▽

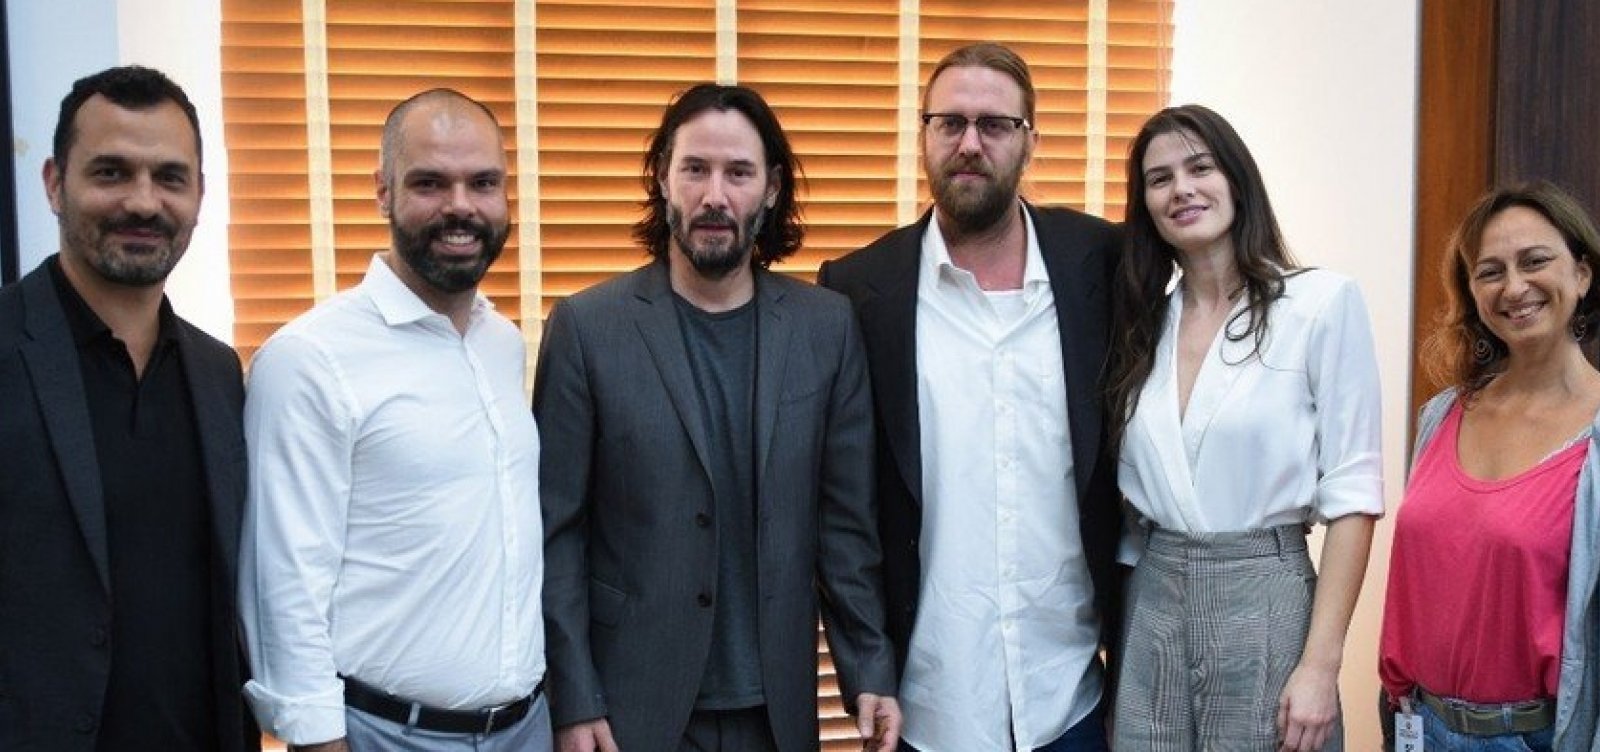 Keanu Reeves vem a São Paulo pedir apoio para gravar série na cidade
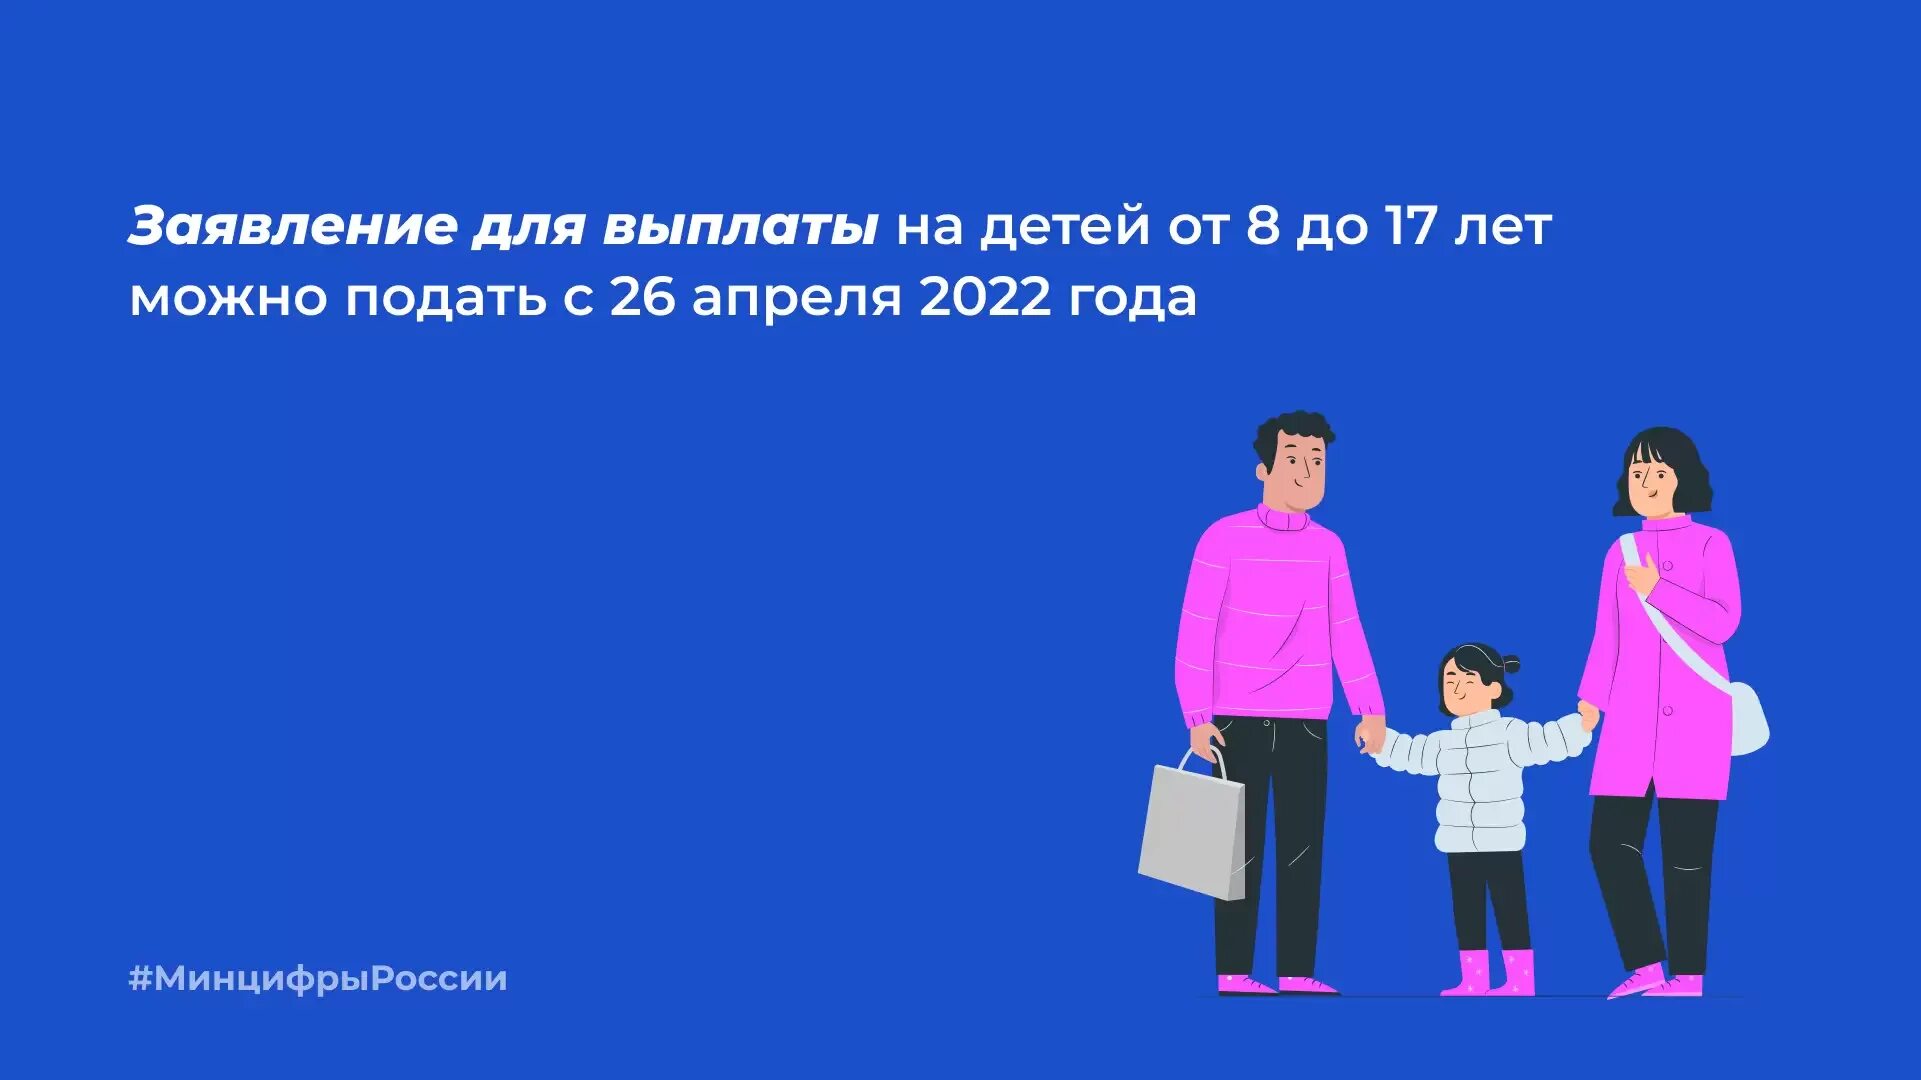 Новая выплата 5 5. Пособие на детей от 8 до 17. Госуслуга пособие на детей. От 8 до 17 лет в 2022 выплаты на детей. Пособие на детей 8-17 лет.
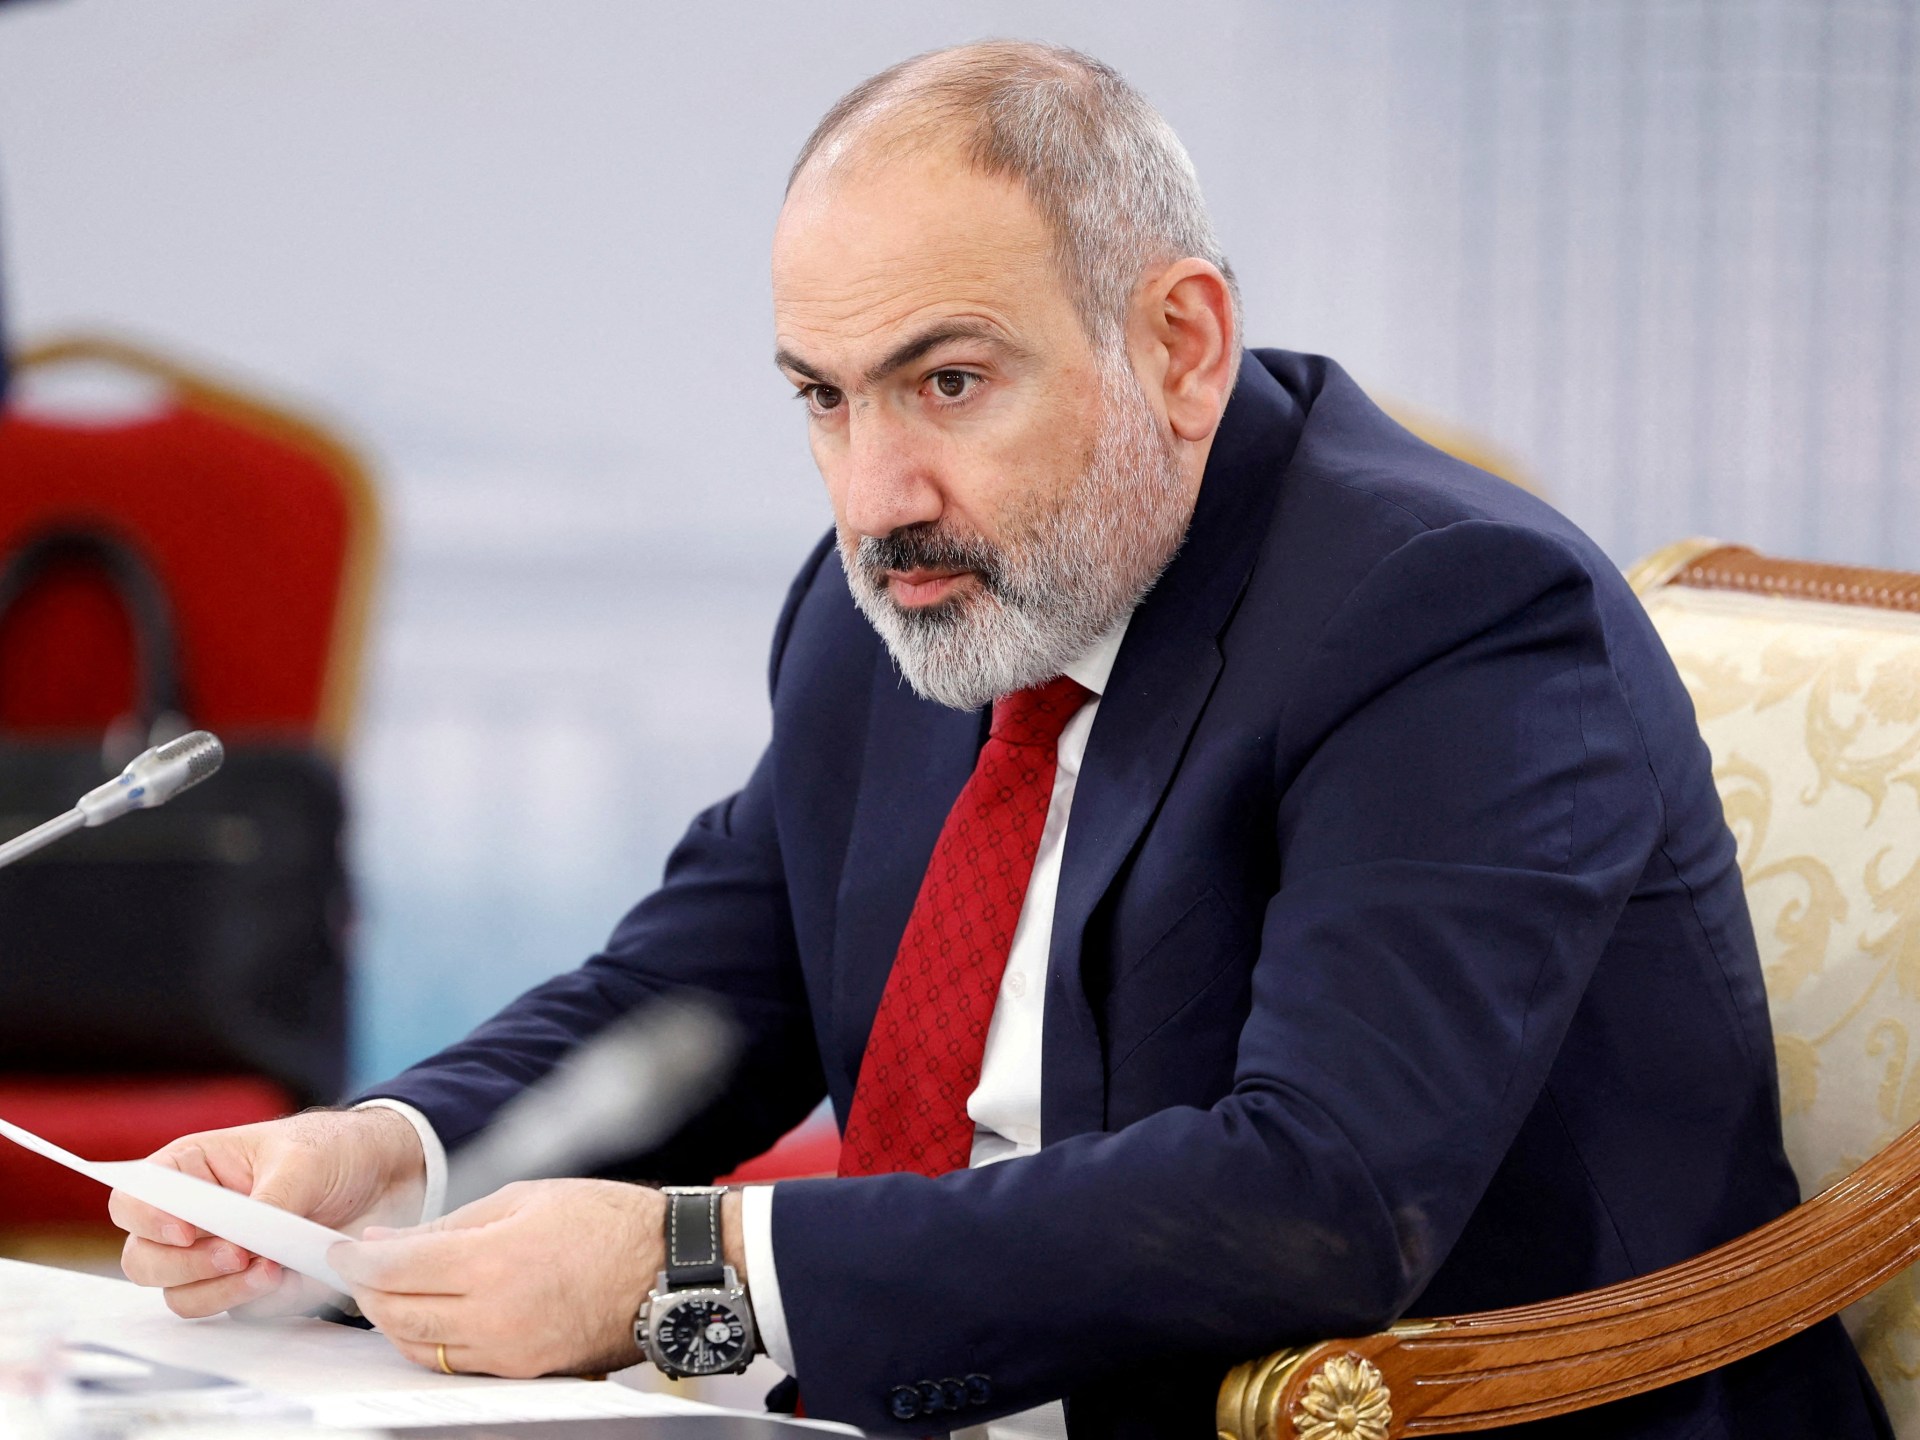 Le Premier ministre arménien prévient que l’Azerbaïdjan pourrait déclencher une guerre à propos de villages frontaliers contestés |  Actualités sur les conflits
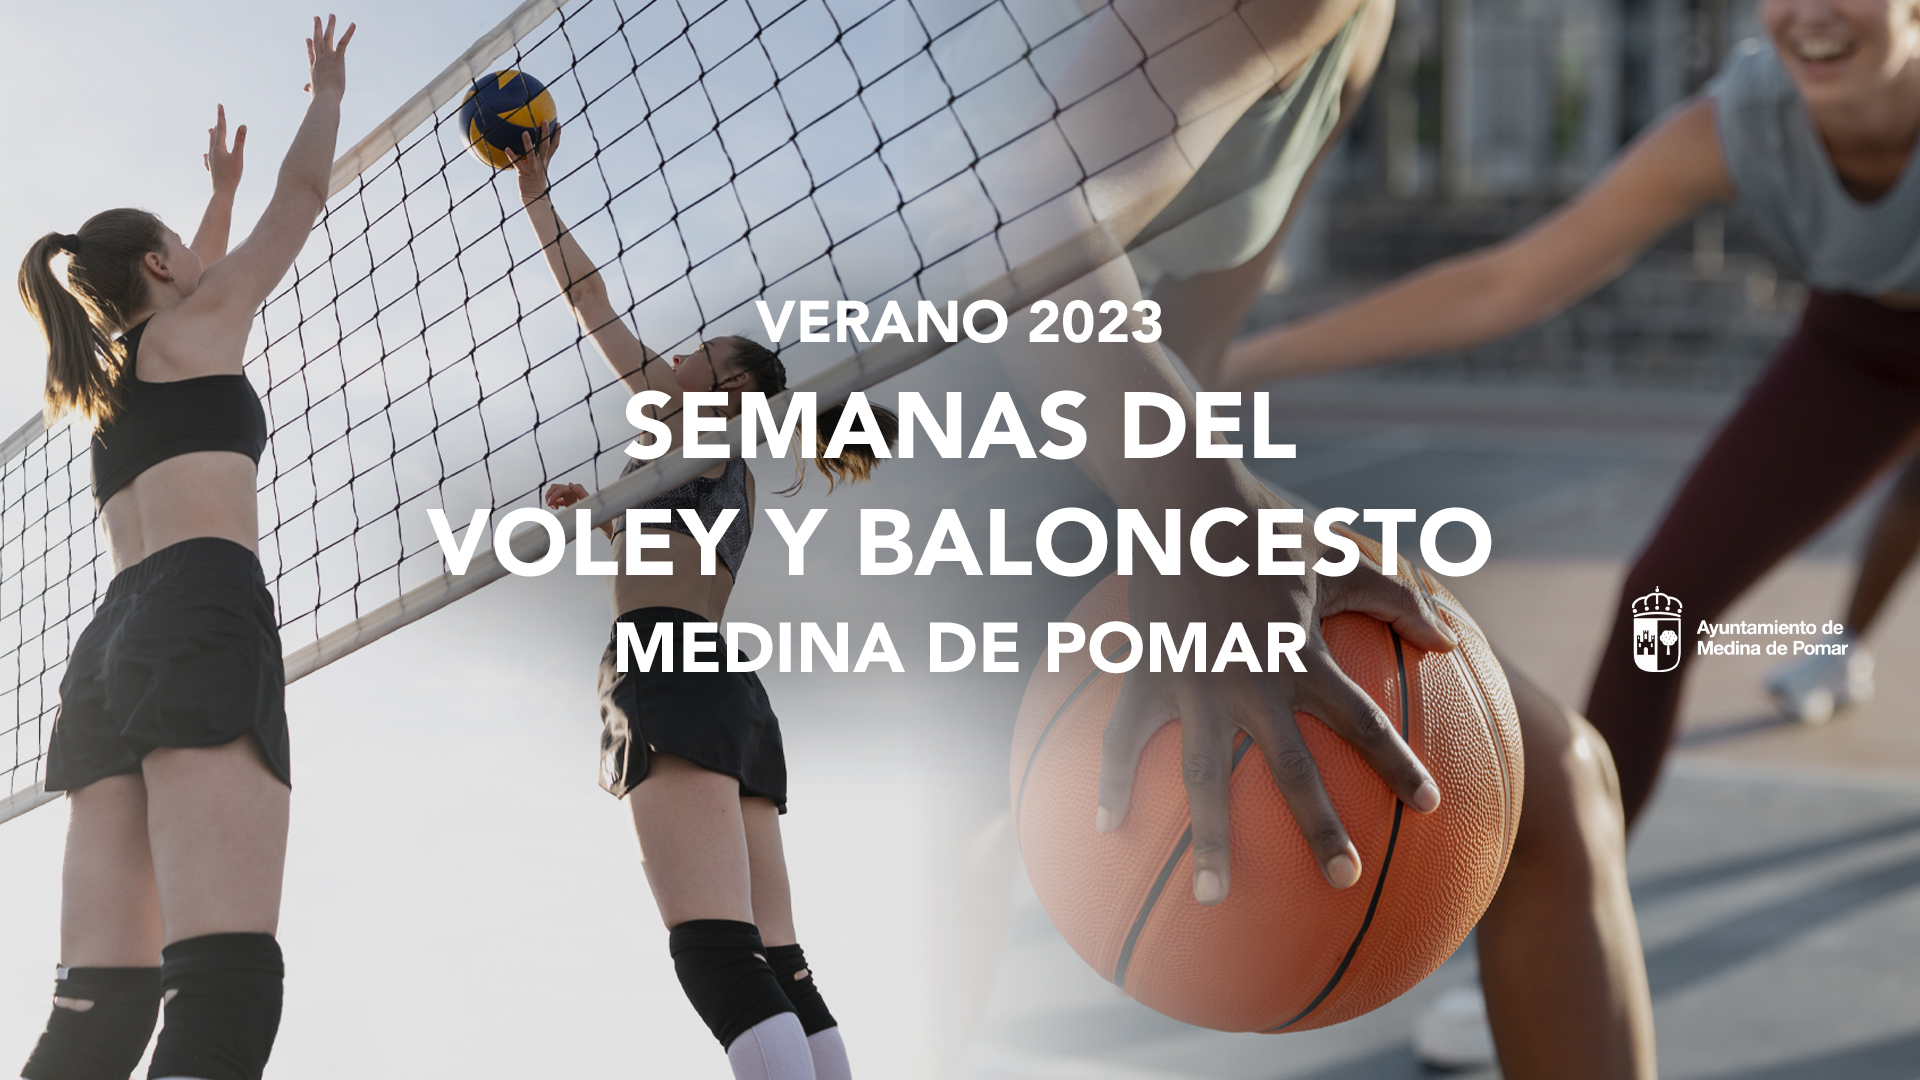 Semanas del vóley y el baloncesto (Verano 2023)
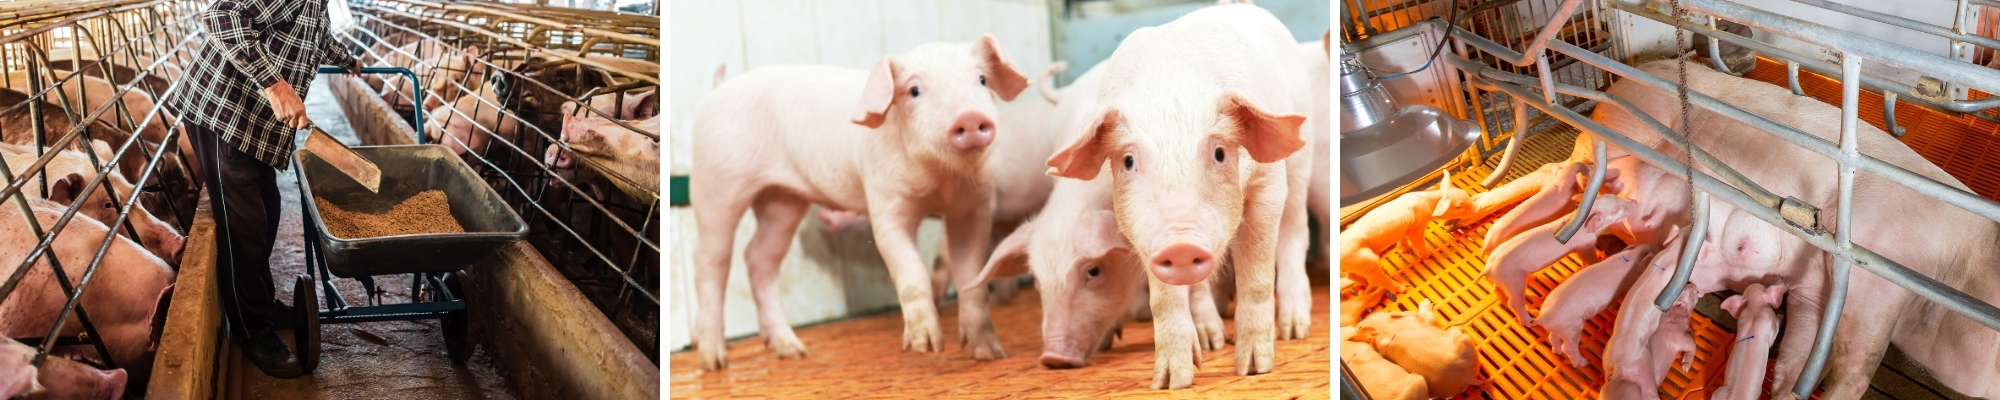 Swine Industry Financing

△

■ Exercise details ■
Would you please reproduce verbatim the run of lines that opens the listing and ends with the line holding "Новая выплата 5", and only that run, leaving every picture out?

■ Task output ■
 Keanu Reeves vem a São Paulo pedir apoio para gravar série na cidade
 Новая выплата 5 5. Пособие на детей от 8 до 17. Госуслуга пособие на детей. От 8 до 17 лет в 2022 выплаты на детей. Пособие на детей 8-17 лет.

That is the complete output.